Weight-Loss Protein Bars / Fruit Bars
- Ready In:
- 1hr
- Ingredients:
- 9
- Yields:
-
12 bars
- Serves:
- 12
ingredients
- 1 apple, unpeeled, diced, any type
- 12 ounces Mori-Nu extra firm lite tofu (349g)
- 2 egg whites
- 3 (1 g) packets Splenda quick packs
- 1 (8 ounce) can water chestnuts, drained and diced
- 8 scoops protein shake mix, Carb Solutions, vanilla (4 servings)
- 1 cup oatmeal, not instant
- 1 cup Fiber One cereal, original
- 4 tablespoons raisins
directions
- Preheat oven to 350.
- Spray an 9x13 pan with oil and coat with oatmeal flour (oatmeal finely ground, I made mine in the blender).
- Mix the apple, tofu, splenda and egg whites in a blender. Mix well. Small lumps are fine and adds texture.
- Pour into a bowl. Add in the protein powder, dried fruit and waterchestnuts, stir. Add oatmeal and Fiber One, stir well. Batter should be very thick and lumpy.
- Spoons into coated pan (see step 2), and press into the corners and flat with a spoon.
- Put in the oven for 20-30 minutes.
- Monitor closely! Oven temps vary! Tofu hardens upon cooling. They are better underdone rather than over.
- Let cool completely in the pan then cut into 12 bars. These are dense bars, and keep in the fridge for up to two weeks in an airtight plastic container.
- VARIATIONS: CHOCOLATE: sub raisins and vanilla protein mix, add chocolate protein powder and 1/4 c Hershey powder.
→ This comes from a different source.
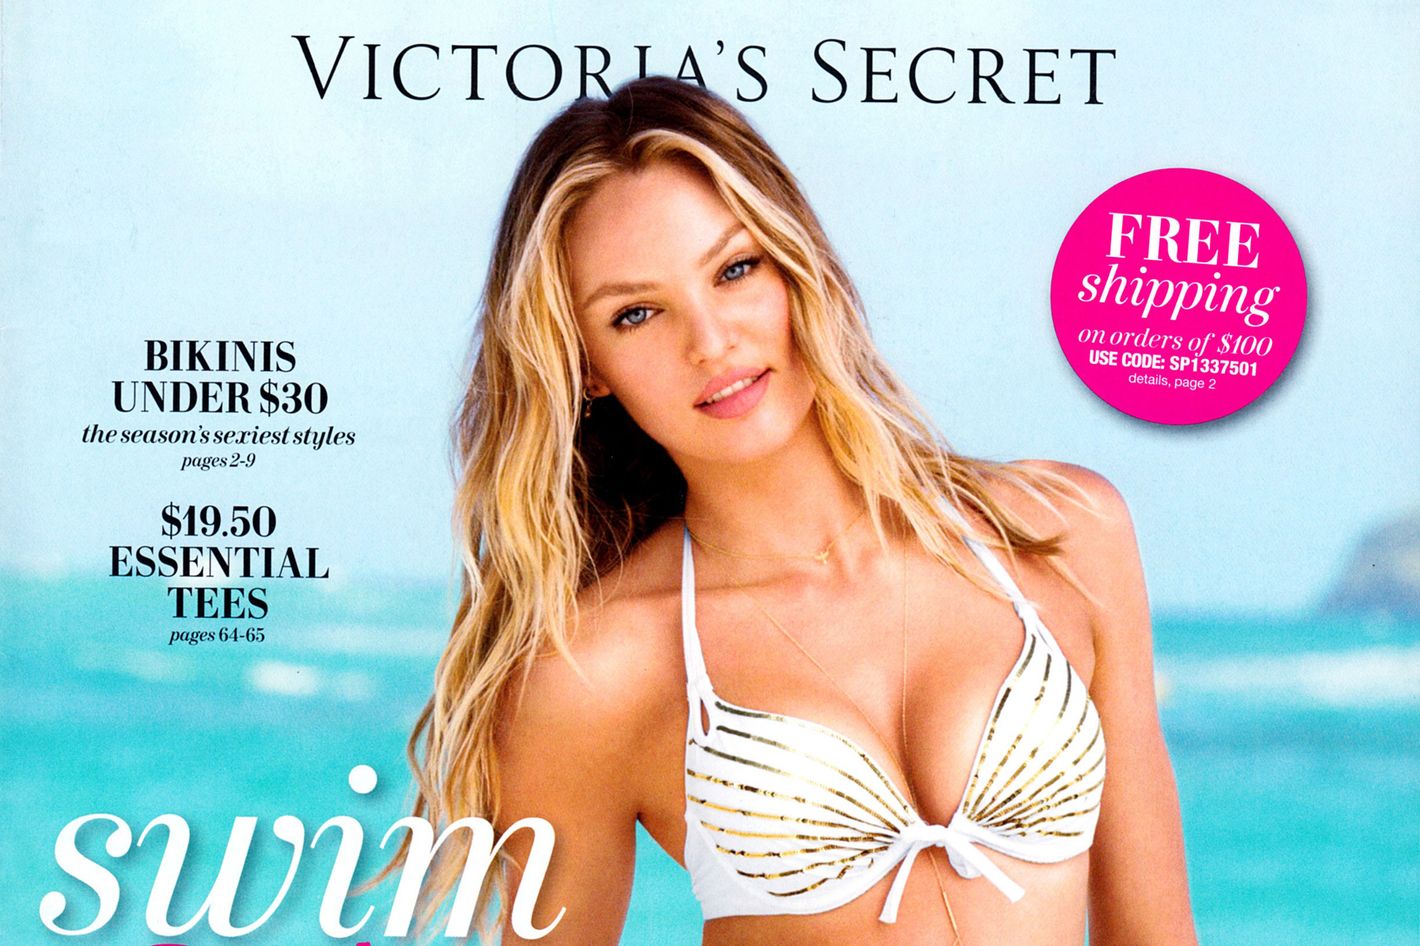 The Victoria's Secret Catalog is Dead

PUMPKIN: sub raisins and apple, add 1 cup solid pack pumpkin and 1 teaspoons pumpkin pie spice. LEMON: sub raisins , add 1 tbs lemon zest and 2 tbs juice.
- Dried Fruit Suggestions: blueberries, pineapple, apple, prunes, strawberries, etc. Have fun!
Questions & Replies
Got a question?
Share it with the community!
Reviews
Have any thoughts about this recipe?
Share it with the community!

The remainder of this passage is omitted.